The Maquila Complex: Reification, Disposability, and Resistance in Maquilapolis: City of Factories

Edward Avila (Minnesota State University, Mankato)

Abstract

This article considers the ways in which the documentary Maquilapolis: City of Factories (2006) critically represents social reification under post-NAFTA maquiladora-led industrialization in Tijuana, Mexico, particularly as it relates to the production and circulation of myths of female obsolescence, disposability, and waste under the neoliberal (b)order. Drawing from the Marxist concept of reification, I demonstrate the ways in which the film largely overcomes the limitations and dangers associated with reified narratives and images that, unwittingly in many cases, rehearse myths of female disempowerment, victimization, and patriarchal dependency in the context of neoliberal industrialization in Tijuana, Mexico. Through a skillfully rendered combination of documentary modes of representation, with particular emphasis on narratives of personhood and human sensuousness, Maquilapolis captures the intersecting politico-economic, social, and cultural forces underwriting the proliferation of anti-female terror.
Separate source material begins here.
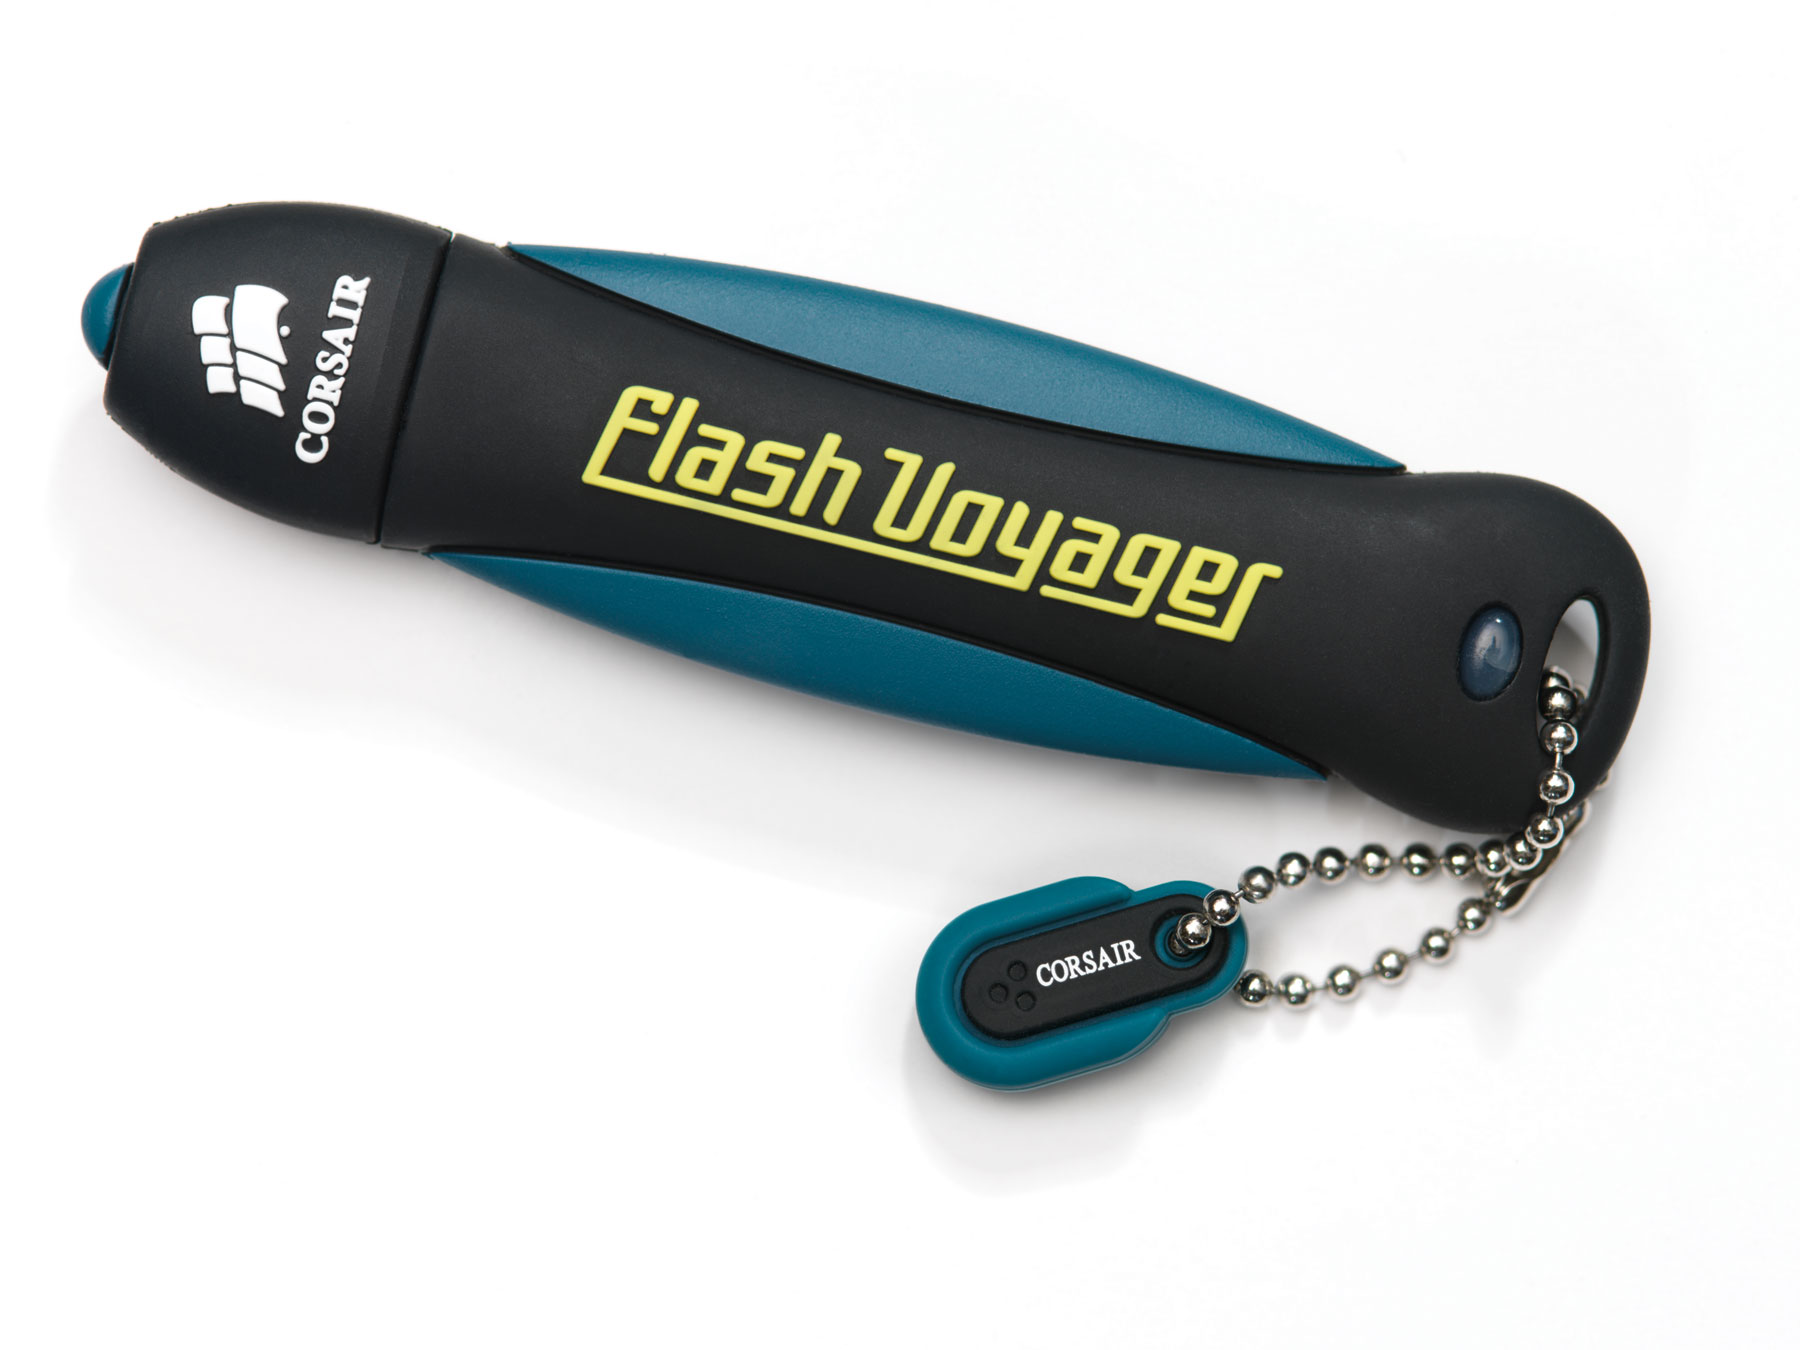 Immagine pubblicata in relazione al seguente contenuto: Corsair lancia il drive Flash Voyager USB con capacit di 64GB | Nome immagine: news8703_1.jpg

In analyzing the narrative strategies deployed in the film, this article discusses how the film engages with the limits and risks associated with reification, including the naturalizing of social inequalities and the so-called immutable and ineluctable laws of neoliberal development in the context of gendered violence occurring within that peculiar neoliberal spatiality referred to here as the “maquila complex.”